Cognitive Task Analysis (CTA)
A good place to start, and often used as a precursor to the URRA, the CTA helps reveal potential areas of concern in the individual steps of using a product, while also helping to identify where the root of a problem lies.
This helps inform design decisions, so you are mitigating issues at the root and not the leaves.
Use Related Risk Analysis (URRA)
Essential for any human factors submission to the FDA, the URRA is your compass for all human factors activities.

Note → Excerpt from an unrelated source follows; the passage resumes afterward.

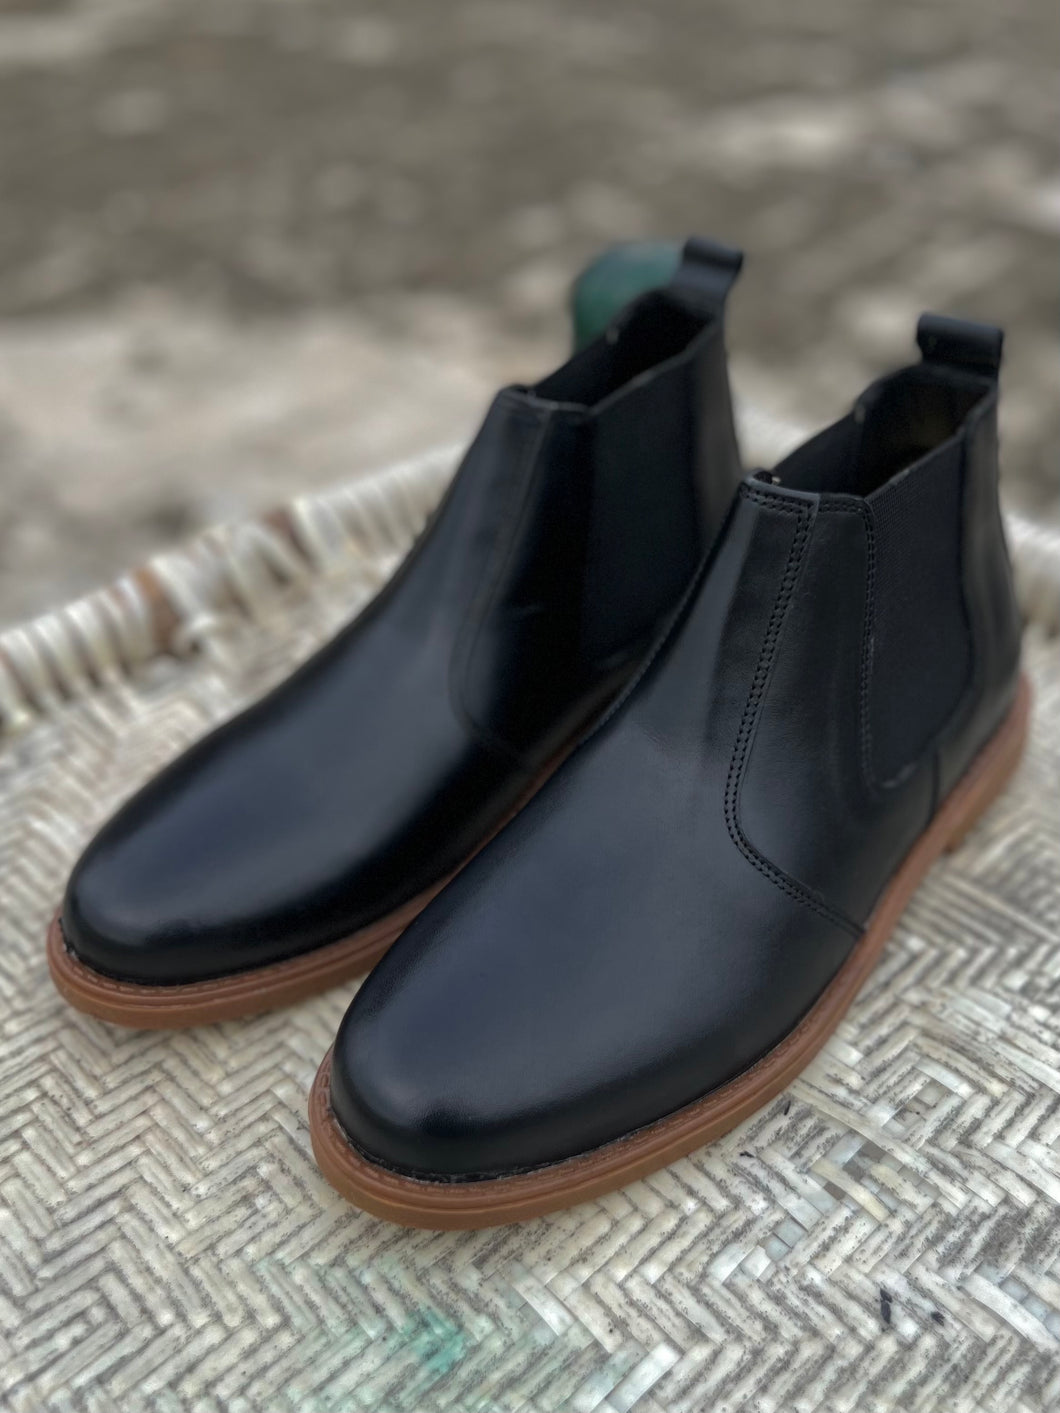 Black Cow Leather Chelsea Boots - Cream Sole

While it is the manufacturer’s responsibility to complete the URRA (particularly the potential harms of various errors, and their respective severities), Mobile Human Factors can help you get started by creating a framework of potential use errors and their potential causes. The URRA is intended to be a living document that tracks all residual risk throughout the product’s lifecycle, and used correctly will help identify issues and inform development.
Threshold Analysis
Proposed generic medical devices through the ANDA pathway may meet human factors requirements through a threshold analysis instead of a validation study or comparative study. In a Threshold Analysis Mobile Human Factors compares every aspect of the generic product to the reference product looking for any potentially non-minor differences.
What does that include?
Anything could impact use, including instructions and packaging. The target population may have special considerations such as dexterity issues that would require easy-open packaging, or vision issues that require large font.
How similar should it be?
The FDA wants proposed generics to be as close to the reference product as possible, such that a current user could use the generic without any new learning or instruction, relying on their familiarity with the reference product.
Can I make it better?
Even improvements over the reference product could create undesirable outcomes, such as incompatability with the routine of a current user.
Comparative Task Analysis
Sometimes it is hard to choose between two (or more) design concepts, even after putting them in front of users. The comparative task analysis can help you see the forest through the trees.
A side-by-side comparison of each concept’s task analysis can reveal that seemingly insignificant differences can lead to more complex interactions, with more opportunity for errors. Alternatively, it could reveal that one design reduces use steps by creating one high-severity potential use error.